Lanz says he needs the laughter to respond to the legion of critics who attack the music. But he also agrees with some of the criticism. As an insider, he can be one of the music's harshest critics. Lanz's new double CD Skyline Firedance is an unusual package that features a single group of songs done orchestrally on the first disc and with just a solo piano on the second. It has met a mixed reception with new-age radio programmers, most of whom won't touch the orchestral side.
"My friends in radio listen to the record," Lanz says in a recent interview, "and say, `Man, this is awesome, but we can't play it, it's too big.' They won't take the chance.
"Somewhere along the line, new-age radio decided that this and this works, and they started cutting everything else out. I call most of what's left `safe sax' or `fuzak.'
"What they've given us is a very homogeneous flow. Which is really nice if you're going to get a massage. Or if you just want your music in the background like wallpaper. I listen to new-age radio and it becomes kind of faceless. You can't really tell one song or artist from another. It gets a little boring."

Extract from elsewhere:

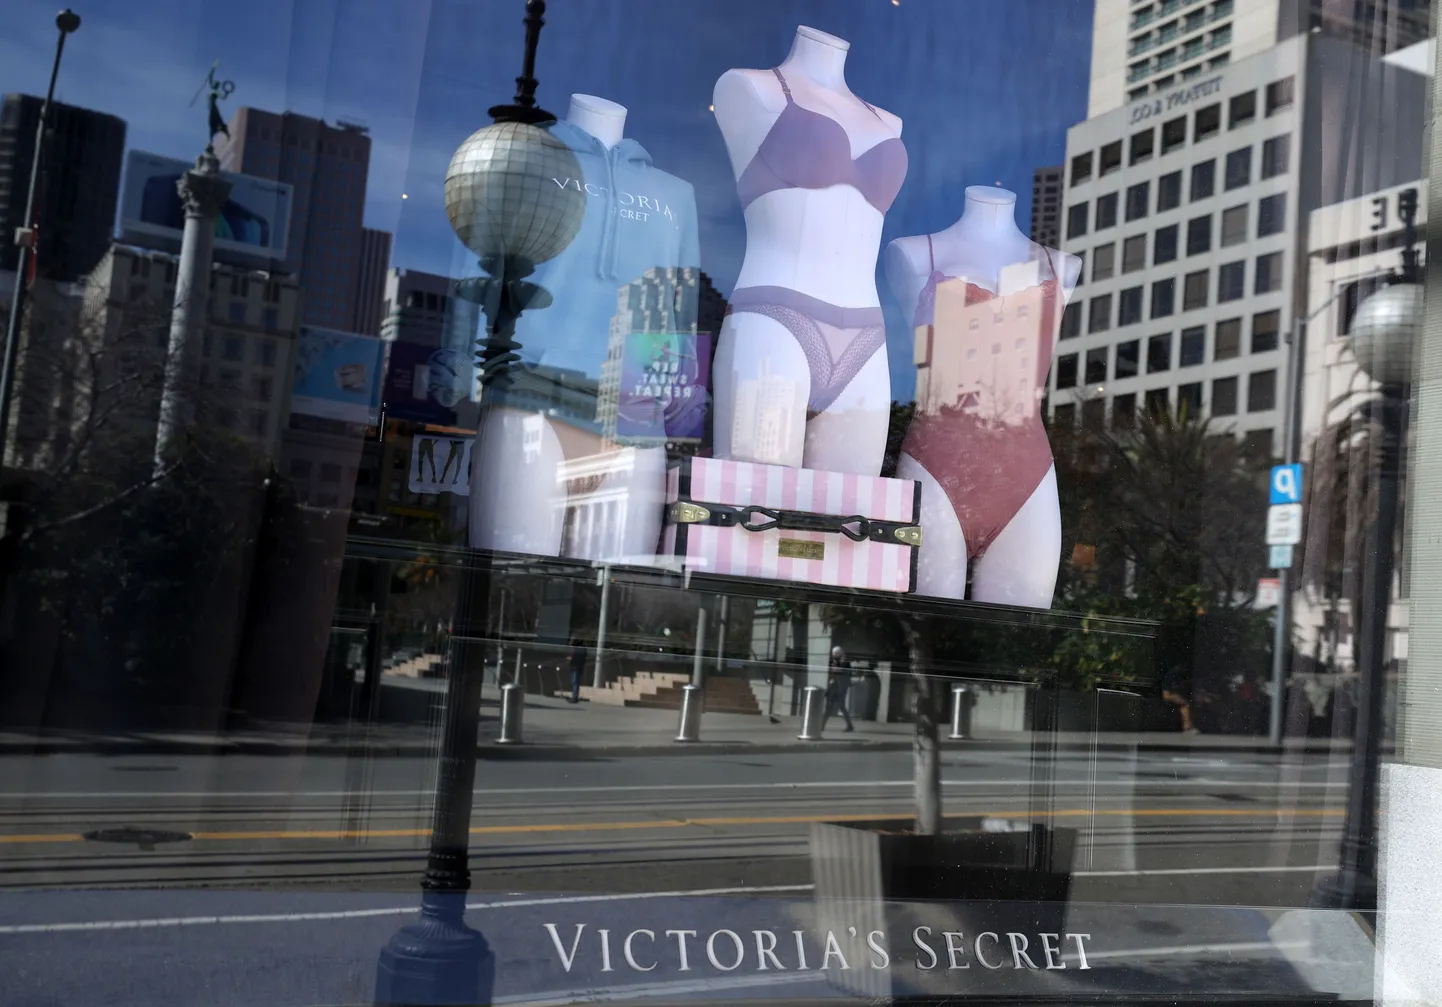 Victoria's Secreti head uudised tõstsid aktsia hinda

Apparently, Lanz has decided it's time to forget about being mellow and raise his voice.
"I started making new-age music in 1983. Now, here it is 1991 and the stuff that we used to do acoustically is all being done with just a couple studio musicians and a computer," he says. "The new stuff sounds really good, but the soul has been sucked out of it."
Lanz has made lots of noise with Skyline Firedance. Critics have marveled at the variety that Lanz has wrung from both styles. But many of his new-age fans aren't exactly ecstatic.

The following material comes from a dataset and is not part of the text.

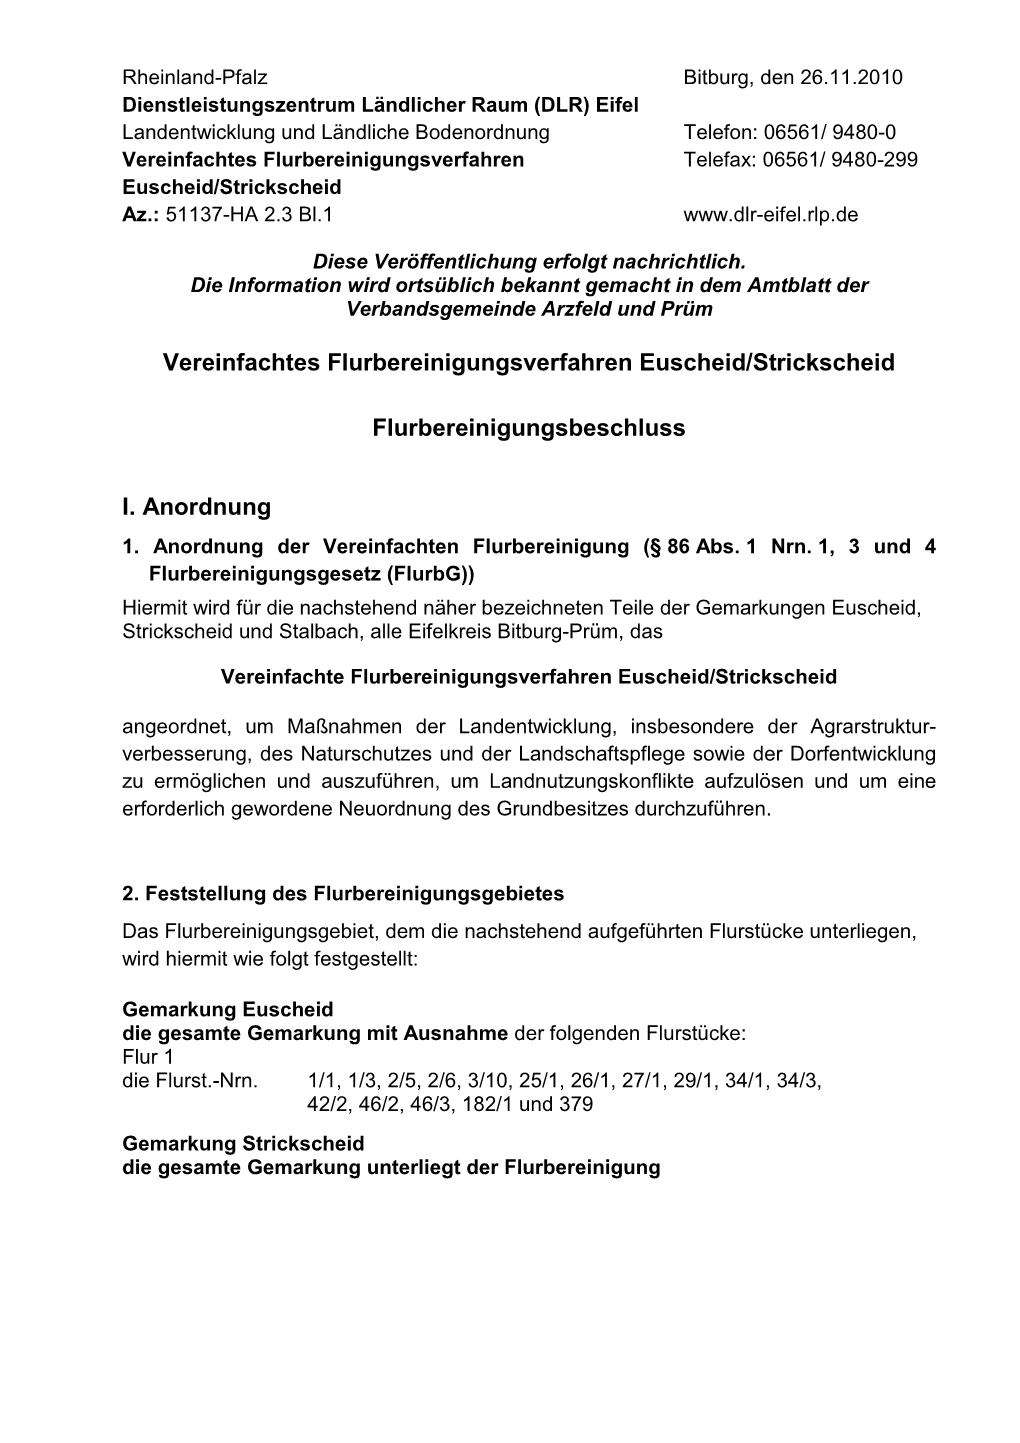 Vereinfachtes Flurbereinigungsverfahren Telefax: 06561/ 9480-299 Euscheid/Strickscheid Az.: 51137-HA 2.3 Bl.1

"We thought something new would be a nice transition," he says, "especially for the people who are used to the softer music that I've done."
Lanz, for his part, finds no humor in how a single violin crescendo could scatter his new-age audience.
You couldn't tell from his background that Lanz would wind up sounding like a rebel. Initially impressed by classical composers like Beethoven and Chopin, Lanz moved on to rock 'n' roll in junior high. As high school turned to college, Lanz began listening to jazz pianists like McCoy Tyner and Dave Brubeck.
Inspired by seeing pianist Keith Jarrett--the unwitting father of new-age--when he came to Seattle in the late Sixties, Lanz even took a stab at playing freeform jazz. The young pianist was astounded by Jarrett's style, and admits, "I was emulating him from the very beginning, or trying to, anyway."
Mixing all this into a discernible style proved too much for Lanz. His musical career was not working out. He felt directionless. It forced him to stop and take stock.
"I found that my real talent was in writing very simple hooks, coming up with simple melodic pieces," Lanz says. "I also decided that I really wasn't writing from the heart. Out of my meditations and introspection I was led to do something different."
That something is what Lanz now half-jokingly refers to as "Zen pop music."
"`Zen pop' is a term I threw out one day in an interview and it stuck," he says. "It's a meditational term referring to being behind the veil. If you listen to the left hand in my music, you'll find it's based around an Eastern drone sound that comes from one or two notes. At the same time, the right hand is playing a catchy pop melody. Kind of an East-meets-West sound. Separately, it's nothing really new at all. But together it's a different way of playing music."
Despite his barbs at new-age music, Lanz does buy into a lot of the standard emotional and intellectual trappings of a new-age career. He talks of the piano in terms of its connection to our left-right brain relationship and refers to his writing as having passed from "the water phase" into "the fire phase." Onstage, he uses 3-D lasers to create whales, eagles and an earthrise as seen from the moon. He even praises the tepid keyboard trinity of George Winston, Steve Halpern, and Kitaro.
One of the exploding genre's biggest stars, Lanz has made six albums for the Minneapolis-based Narada label. The record before Skyline Firedance, 1989's Cristofori's Dream was the closest thing to a hit that new-age has ever had. It stayed on the Billboard New Age chart for over 100 weeks.
It was on Cristofori's Dream that Lanz began dabbling with pop tunes. Procol Harum's archetypal Sixties hit "A Whiter Shade of Pale" was given the new-age treatment on that record. Original Procol Harum member Matthew Fischer even came aboard to re-create the organ solo that made the song so distinctive. On Skyline Firedance, Lanz does orchestral and solo versions of the Moody Blues' "Nights in White Satin." Lanz thinks that including pop tunes is a perfectly natural development.